“Like most rights, the right secured by the Second Amendment is not unlimited. From Blackstone through the 19th-century cases, commentators and courts routinely explained that the right was not a right to keep and carry any weapon whatsoever in any manner whatsoever and for whatever purpose…For example, the majority of the 19th-century courts to consider the question held that prohibitions on carrying concealed weapons were lawful under the Second Amendment or state analogues. See, e.g., State v. Chandler, 5 La. Ann., at 489-490; Nunn v. State, 1 Ga., at 251…” – District of Columbia v. Heller, 128 S. Ct. 2783 Supreme Court (2008) at 2816
“[T]he right of the people to keep and bear arms (art. 2) is not infringed by laws prohibiting the carrying of concealed weapons…” Robertson v.
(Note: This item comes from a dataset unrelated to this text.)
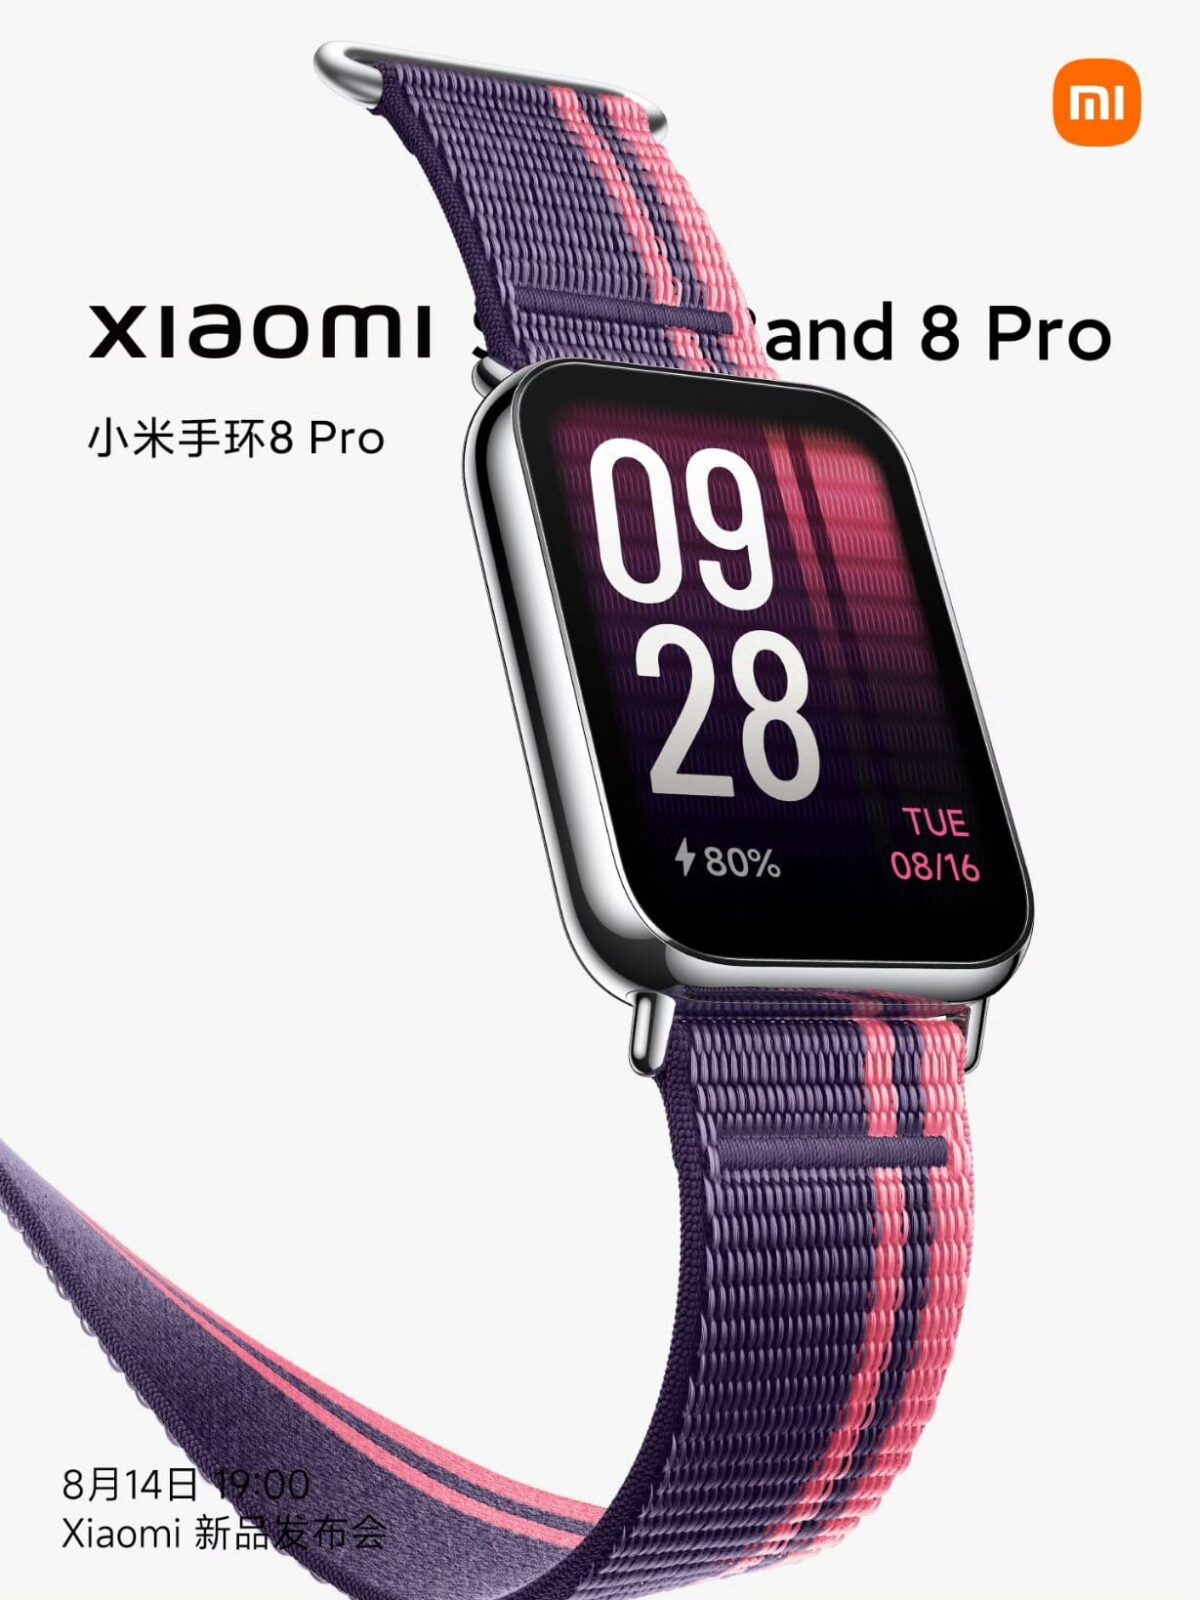 Xiaomi a présenté sa gigantesque tablette Pad 6 Max et son bracelet Smart  Band 8 Pro

Baldwin, 165 US 275 – Supreme Court (1897) at 282.
January 5, 2017, was the deadline for National Rifle Association lawyer Paul Clement to file the cert petition in the case of Mckay v. Hutchens. A search of the Supreme Court online dockets turned up empty and neither the lawyers for Orange County Sheriff Hutchens nor the official California state NRA organization, the California Rifle and Pistol Association (CRPA), responded to my inquiries.
The McKay appeal was the first of two concealed carry appeals out of California. Having missed its deadline to file its cert petition, the McKay appeal is now dead.
This leaves us with the second of the appeals, Peruta v. San Diego. The filing deadline in that case is January 12, 2017.
Should the NRA file its cert petition with the Supreme Court it really won’t matter if it is filed on time, the outcome is a foregone conclusion – Cert Denied.
Personally, I eagerly await the filing of the cert petition in the Peruta case and I am curious to see if any Amicus briefs are filed in support of the Supreme Court granting the cert petition. They should be amusing to read in a gallows humor sort of way.
When the Mckay v. Hutchens lawsuit was filed back in September of 2012, I wrote that the reason the lawsuit was filed was to correct the mistakes the NRA made when it took over the Peruta v. San Diego lawsuit in 2010. I also wrote that not only did the NRA fail to correct its mistakes made in Peruta, it made brand new mistakes.
Wait! There’s Less!
Having lost both the Peruta and McKay concealed carry lawsuits the NRA filed a new concealed carry lawsuit against the California attorney general and the Los Angeles County Sheriff – Flanagan v. Harris.
The NRA claims that this is an Open Carry case but nowhere in any of its filings do any of the plaintiffs seek to openly carry firearms anywhere, not even in the curtilage of their homes. They do seek to have the court compel the Los Angeles County Sheriff to issue them concealed carry permits, something which the Peruta v. San Diego en banc decision precludes the district court from doing.
This latest NRA lawsuit reminds me of a similar case out of Colorado. The plaintiff, who was an out of state resident, sought a concealed carry permit because Denver bans Open Carry. Instead of challenging the Denver Open Carry ban he challenged the state concealed carry law. When the case came before the 10th Circuit Court of Appeals, his lawyer said that his client would, reluctantly carry a handgun openly if that were the only way he could carry.
The judges lashed out at the Plaintiff’s attorney pointing out that nowhere in his lawsuit did the plaintiff ever seek to openly carry a firearm.
I say “reminds me” because in all of the NRA lawsuits the NRA claims that states can, should and must ban Open Carry in favor of concealed carry permits. There is no concession, reluctant or otherwise, that the NRA plaintiffs would openly carry firearms in the Flanagan lawsuit.
It does not take a crystal ball to predict that one day the Flanagan v. Harris concealed carry lawsuit, despite its laughable disguise, will end the same way – Cert denied.